→ **Prompt**:
Take the entries below and return them unchanged.

Dataset entries
╔══
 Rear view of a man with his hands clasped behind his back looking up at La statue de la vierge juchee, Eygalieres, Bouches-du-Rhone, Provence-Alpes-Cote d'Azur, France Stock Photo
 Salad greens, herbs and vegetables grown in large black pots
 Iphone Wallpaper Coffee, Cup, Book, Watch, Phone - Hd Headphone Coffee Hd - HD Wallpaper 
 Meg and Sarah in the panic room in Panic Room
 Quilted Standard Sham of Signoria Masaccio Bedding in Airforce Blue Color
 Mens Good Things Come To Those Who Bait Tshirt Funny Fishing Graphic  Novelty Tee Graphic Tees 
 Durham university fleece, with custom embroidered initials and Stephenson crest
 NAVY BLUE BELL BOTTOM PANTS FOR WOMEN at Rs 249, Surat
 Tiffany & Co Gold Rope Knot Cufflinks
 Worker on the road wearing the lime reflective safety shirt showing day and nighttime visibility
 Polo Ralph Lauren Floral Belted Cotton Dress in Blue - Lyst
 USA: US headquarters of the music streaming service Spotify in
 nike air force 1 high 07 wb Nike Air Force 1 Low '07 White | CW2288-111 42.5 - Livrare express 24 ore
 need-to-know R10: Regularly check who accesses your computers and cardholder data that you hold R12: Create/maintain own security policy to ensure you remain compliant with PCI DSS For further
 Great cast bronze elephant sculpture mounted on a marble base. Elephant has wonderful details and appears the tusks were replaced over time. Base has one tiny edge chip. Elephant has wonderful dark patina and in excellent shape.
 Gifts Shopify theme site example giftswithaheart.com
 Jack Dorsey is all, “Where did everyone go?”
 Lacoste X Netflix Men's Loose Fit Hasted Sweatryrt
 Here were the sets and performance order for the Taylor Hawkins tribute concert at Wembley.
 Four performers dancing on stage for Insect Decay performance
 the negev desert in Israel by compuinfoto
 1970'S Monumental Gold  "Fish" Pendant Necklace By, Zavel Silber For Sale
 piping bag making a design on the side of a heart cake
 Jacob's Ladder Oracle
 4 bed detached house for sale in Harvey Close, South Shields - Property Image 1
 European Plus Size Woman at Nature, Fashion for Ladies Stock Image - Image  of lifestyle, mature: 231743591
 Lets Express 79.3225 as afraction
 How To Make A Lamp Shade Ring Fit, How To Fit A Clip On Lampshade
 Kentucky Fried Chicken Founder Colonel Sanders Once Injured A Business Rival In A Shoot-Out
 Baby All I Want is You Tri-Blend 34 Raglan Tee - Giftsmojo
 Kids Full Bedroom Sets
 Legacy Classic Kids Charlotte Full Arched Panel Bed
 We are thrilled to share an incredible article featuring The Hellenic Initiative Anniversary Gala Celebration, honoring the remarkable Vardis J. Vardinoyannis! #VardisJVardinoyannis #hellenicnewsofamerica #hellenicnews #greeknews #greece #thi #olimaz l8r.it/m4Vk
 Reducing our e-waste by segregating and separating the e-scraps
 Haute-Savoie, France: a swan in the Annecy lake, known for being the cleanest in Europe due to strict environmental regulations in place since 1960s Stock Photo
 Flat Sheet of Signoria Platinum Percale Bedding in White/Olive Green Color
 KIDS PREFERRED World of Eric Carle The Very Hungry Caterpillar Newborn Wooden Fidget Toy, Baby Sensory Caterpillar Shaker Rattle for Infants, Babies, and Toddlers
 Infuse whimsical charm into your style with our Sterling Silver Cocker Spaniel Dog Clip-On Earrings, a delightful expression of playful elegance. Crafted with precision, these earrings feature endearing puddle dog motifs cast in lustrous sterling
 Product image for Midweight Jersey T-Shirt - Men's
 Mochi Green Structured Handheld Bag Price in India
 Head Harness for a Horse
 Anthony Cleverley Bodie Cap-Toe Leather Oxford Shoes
╚══
→ **Written response**:
 Rear view of a man with his hands clasped behind his back looking up at La statue de la vierge juchee, Eygalieres, Bouches-du-Rhone, Provence-Alpes-Cote d'Azur, France Stock Photo
 Salad greens, herbs and vegetables grown in large black pots
 Iphone Wallpaper Coffee, Cup, Book, Watch, Phone - Hd Headphone Coffee Hd - HD Wallpaper 
 Meg and Sarah in the panic room in Panic Room
 Quilted Standard Sham of Signoria Masaccio Bedding in Airforce Blue Color
 Mens Good Things Come To Those Who Bait Tshirt Funny Fishing Graphic  Novelty Tee Graphic Tees 
 Durham university fleece, with custom embroidered initials and Stephenson crest
 NAVY BLUE BELL BOTTOM PANTS FOR WOMEN at Rs 249, Surat
 Tiffany & Co Gold Rope Knot Cufflinks
 Worker on the road wearing the lime reflective safety shirt showing day and nighttime visibility
 Polo Ralph Lauren Floral Belted Cotton Dress in Blue - Lyst
 USA: US headquarters of the music streaming service Spotify in
 nike air force 1 high 07 wb Nike Air Force 1 Low '07 White | CW2288-111 42.5 - Livrare express 24 ore
 need-to-know R10: Regularly check who accesses your computers and cardholder data that you hold R12: Create/maintain own security policy to ensure you remain compliant with PCI DSS For further
 Great cast bronze elephant sculpture mounted on a marble base. Elephant has wonderful details and appears the tusks were replaced over time. Base has one tiny edge chip. Elephant has wonderful dark patina and in excellent shape.
 Gifts Shopify theme site example giftswithaheart.com
 Jack Dorsey is all, “Where did everyone go?”
 Lacoste X Netflix Men's Loose Fit Hasted Sweatryrt
 Here were the sets and performance order for the Taylor Hawkins tribute concert at Wembley.
 Four performers dancing on stage for Insect Decay performance
 the negev desert in Israel by compuinfoto
 1970'S Monumental Gold  "Fish" Pendant Necklace By, Zavel Silber For Sale
 piping bag making a design on the side of a heart cake
 Jacob's Ladder Oracle
 4 bed detached house for sale in Harvey Close, South Shields - Property Image 1
 European Plus Size Woman at Nature, Fashion for Ladies Stock Image - Image  of lifestyle, mature: 231743591
 Lets Express 79.3225 as afraction
 How To Make A Lamp Shade Ring Fit, How To Fit A Clip On Lampshade
 Kentucky Fried Chicken Founder Colonel Sanders Once Injured A Business Rival In A Shoot-Out
 Baby All I Want is You Tri-Blend 34 Raglan Tee - Giftsmojo
 Kids Full Bedroom Sets
 Legacy Classic Kids Charlotte Full Arched Panel Bed
 We are thrilled to share an incredible article featuring The Hellenic Initiative Anniversary Gala Celebration, honoring the remarkable Vardis J. Vardinoyannis! #VardisJVardinoyannis #hellenicnewsofamerica #hellenicnews #greeknews #greece #thi #olimaz l8r.it/m4Vk
 Reducing our e-waste by segregating and separating the e-scraps
 Haute-Savoie, France: a swan in the Annecy lake, known for being the cleanest in Europe due to strict environmental regulations in place since 1960s Stock Photo
 Flat Sheet of Signoria Platinum Percale Bedding in White/Olive Green Color
 KIDS PREFERRED World of Eric Carle The Very Hungry Caterpillar Newborn Wooden Fidget Toy, Baby Sensory Caterpillar Shaker Rattle for Infants, Babies, and Toddlers
 Infuse whimsical charm into your style with our Sterling Silver Cocker Spaniel Dog Clip-On Earrings, a delightful expression of playful elegance. Crafted with precision, these earrings feature endearing puddle dog motifs cast in lustrous sterling
 Product image for Midweight Jersey T-Shirt - Men's
 Mochi Green Structured Handheld Bag Price in India
 Head Harness for a Horse
 Anthony Cleverley Bodie Cap-Toe Leather Oxford Shoes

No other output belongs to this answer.